WHAT IS NEEDED
Exactly and only the lines below from the one containing "Autoridades de Cusco" down to the one containing "Femtech: Understanding women’s" are wanted, both included; please exclude every picture.

RECORDED INFORMATION
────────────────

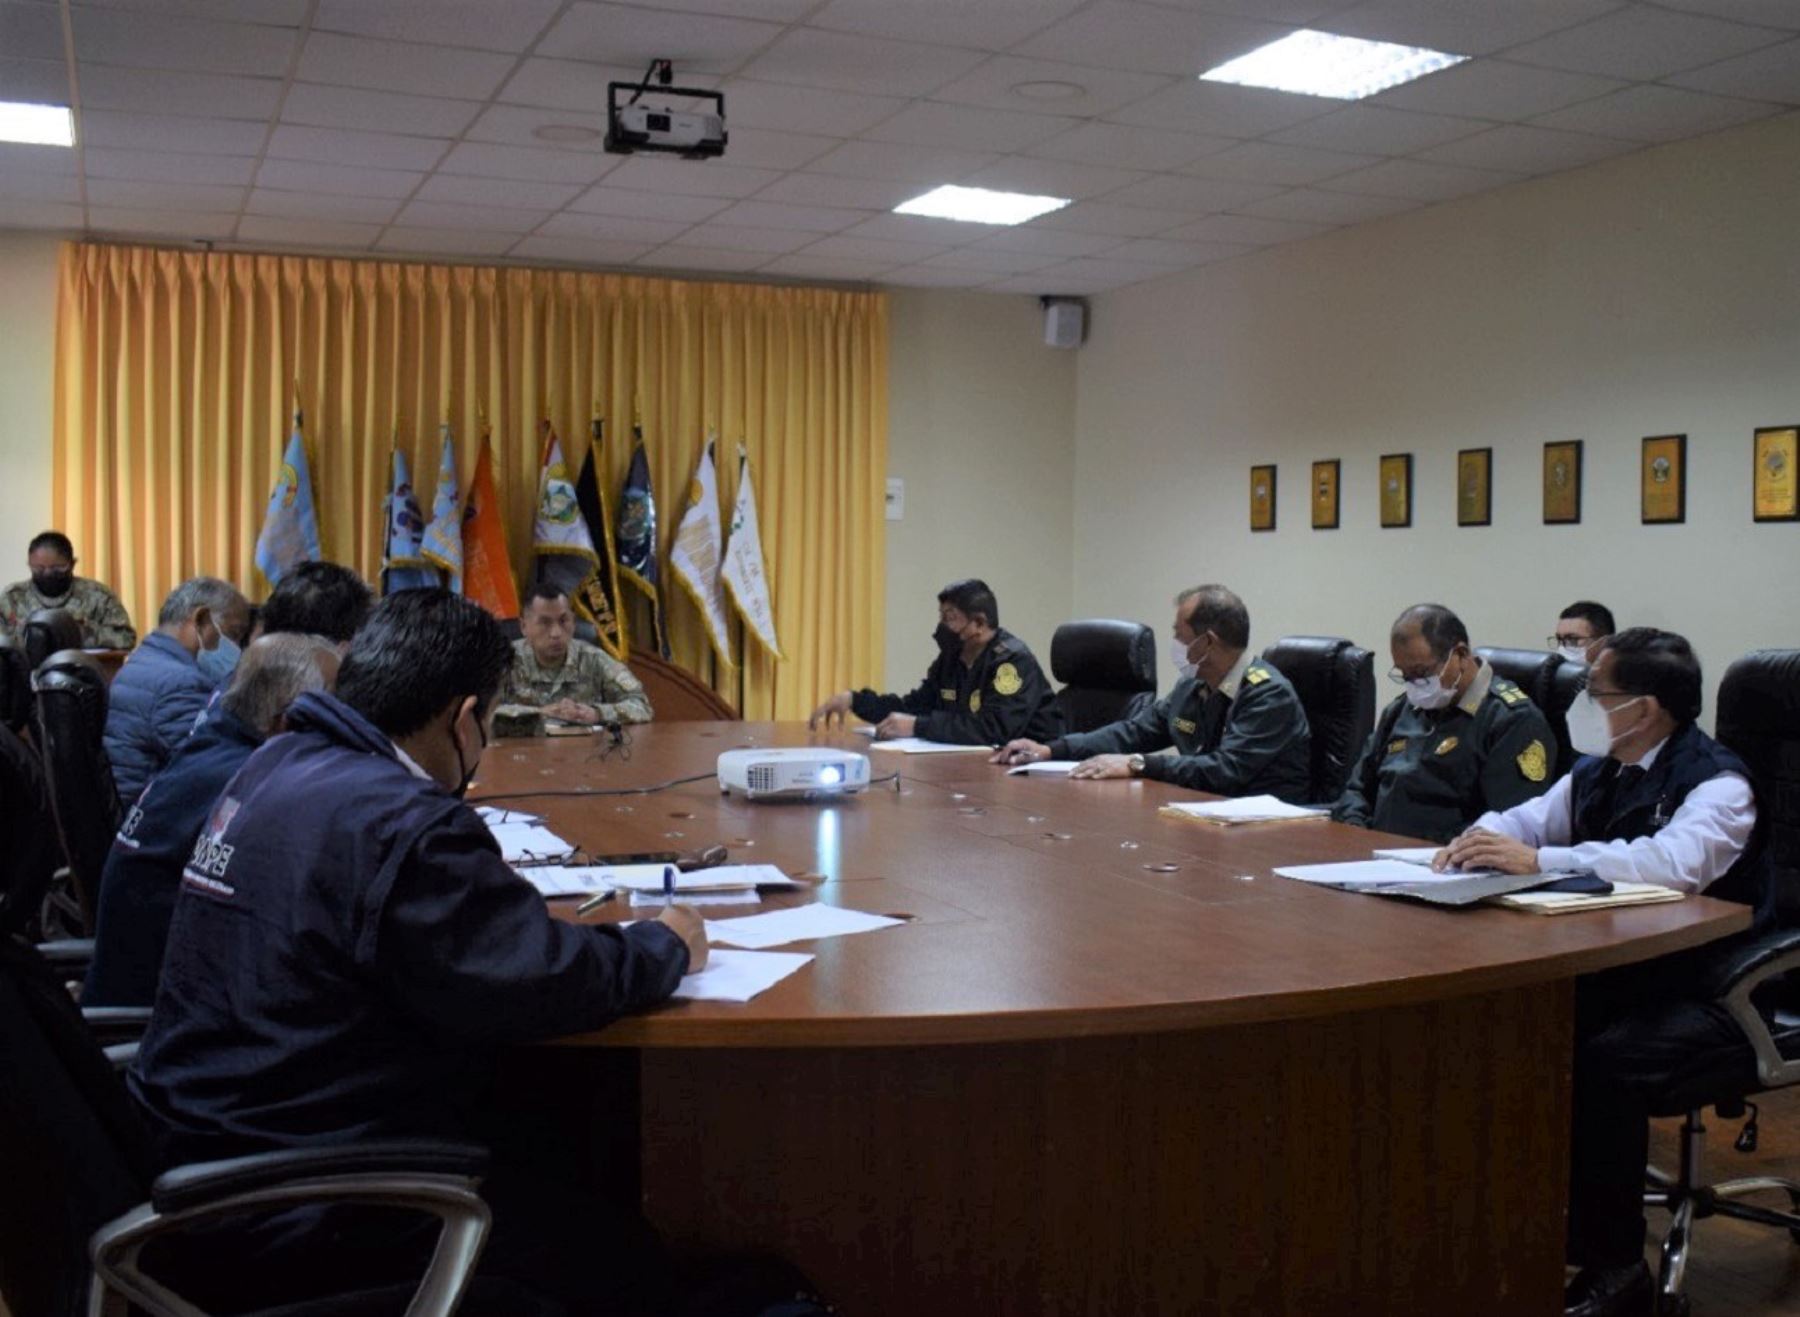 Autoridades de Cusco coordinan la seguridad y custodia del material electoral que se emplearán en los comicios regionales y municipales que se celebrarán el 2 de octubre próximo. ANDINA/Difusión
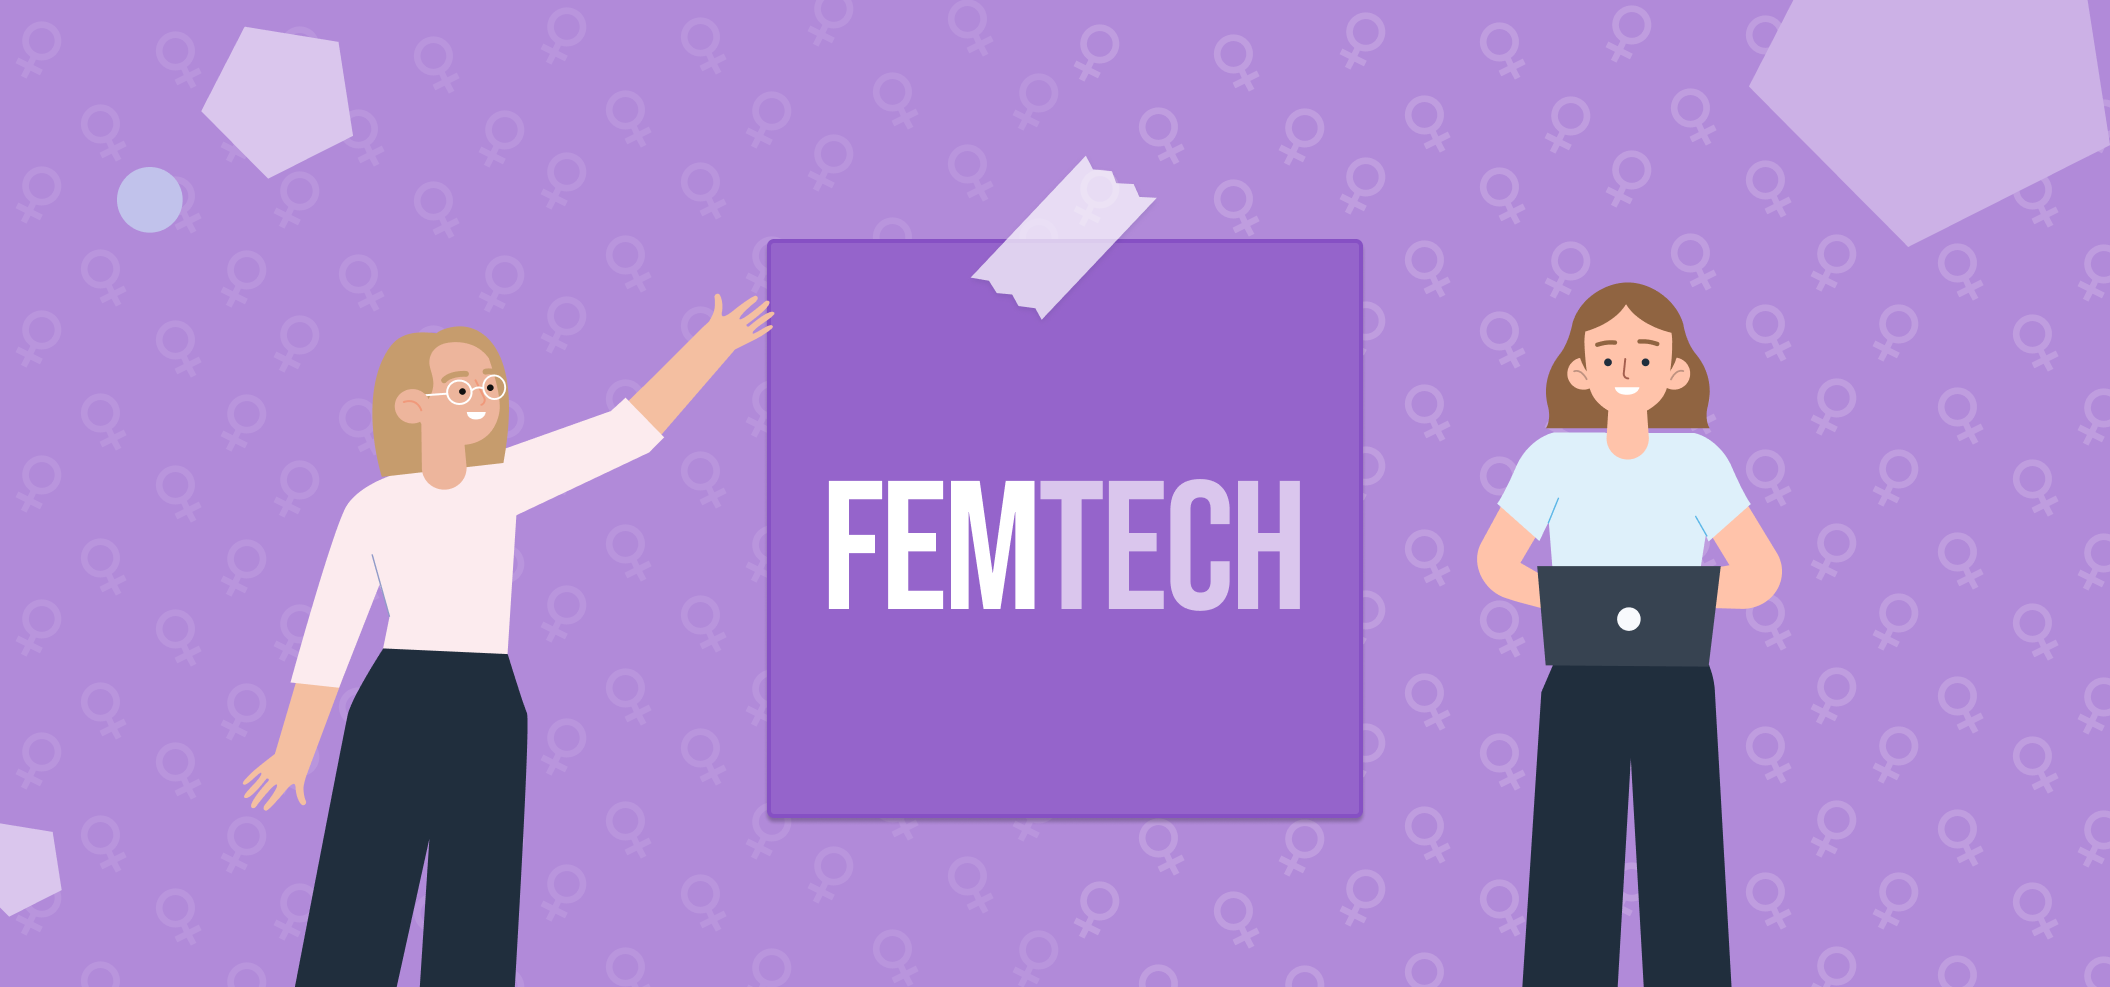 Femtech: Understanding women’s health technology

────────────────

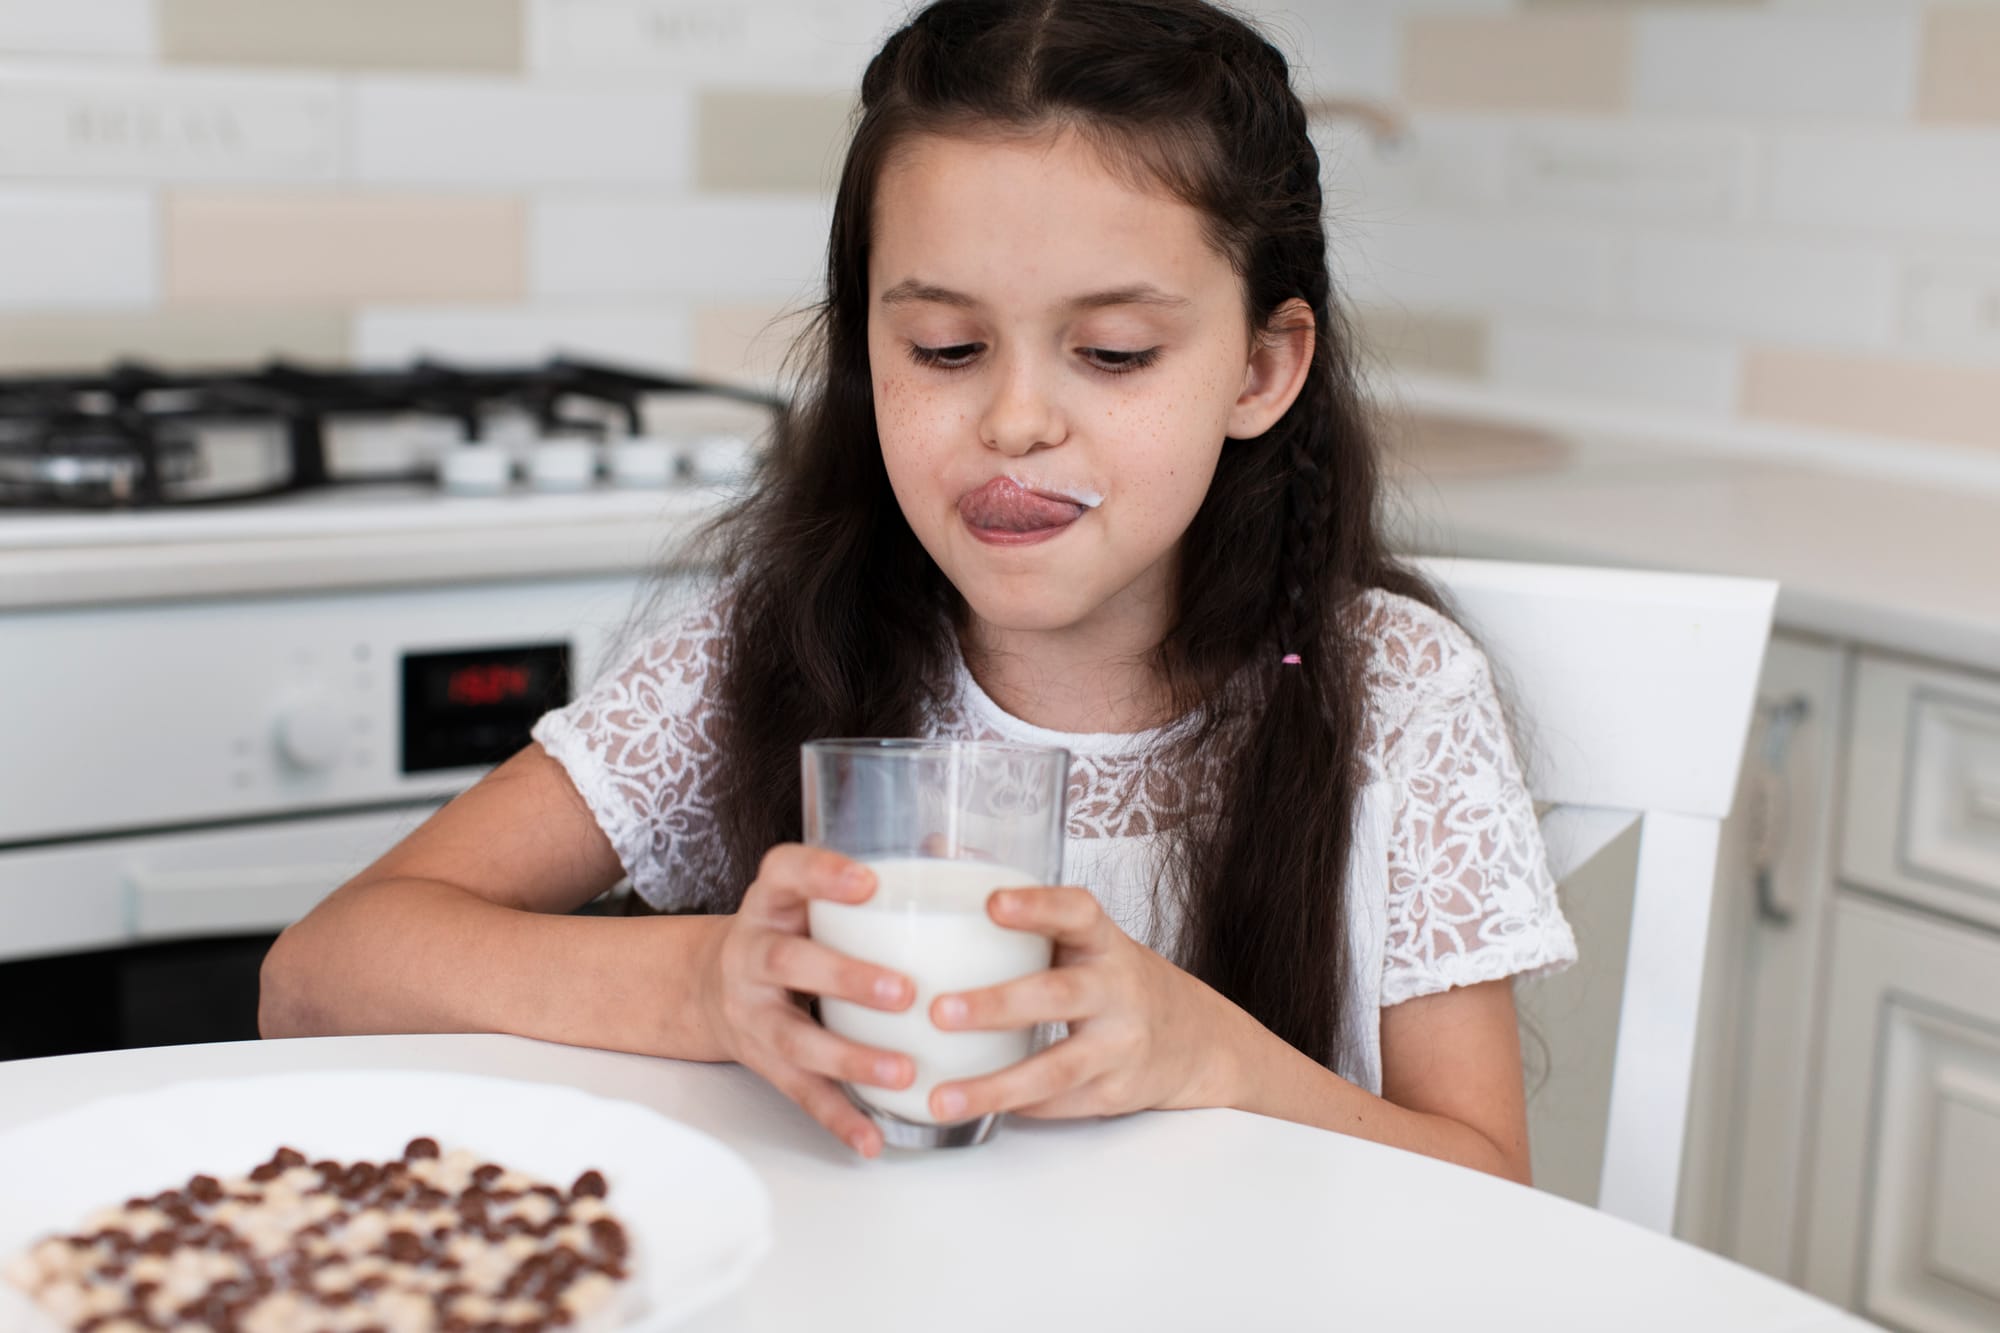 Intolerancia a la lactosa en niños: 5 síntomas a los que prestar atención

────────────────

THE ANSWER
 Autoridades de Cusco coordinan la seguridad y custodia del material electoral que se emplearán en los comicios regionales y municipales que se celebrarán el 2 de octubre próximo. ANDINA/Difusión
 Femtech: Understanding women’s health technology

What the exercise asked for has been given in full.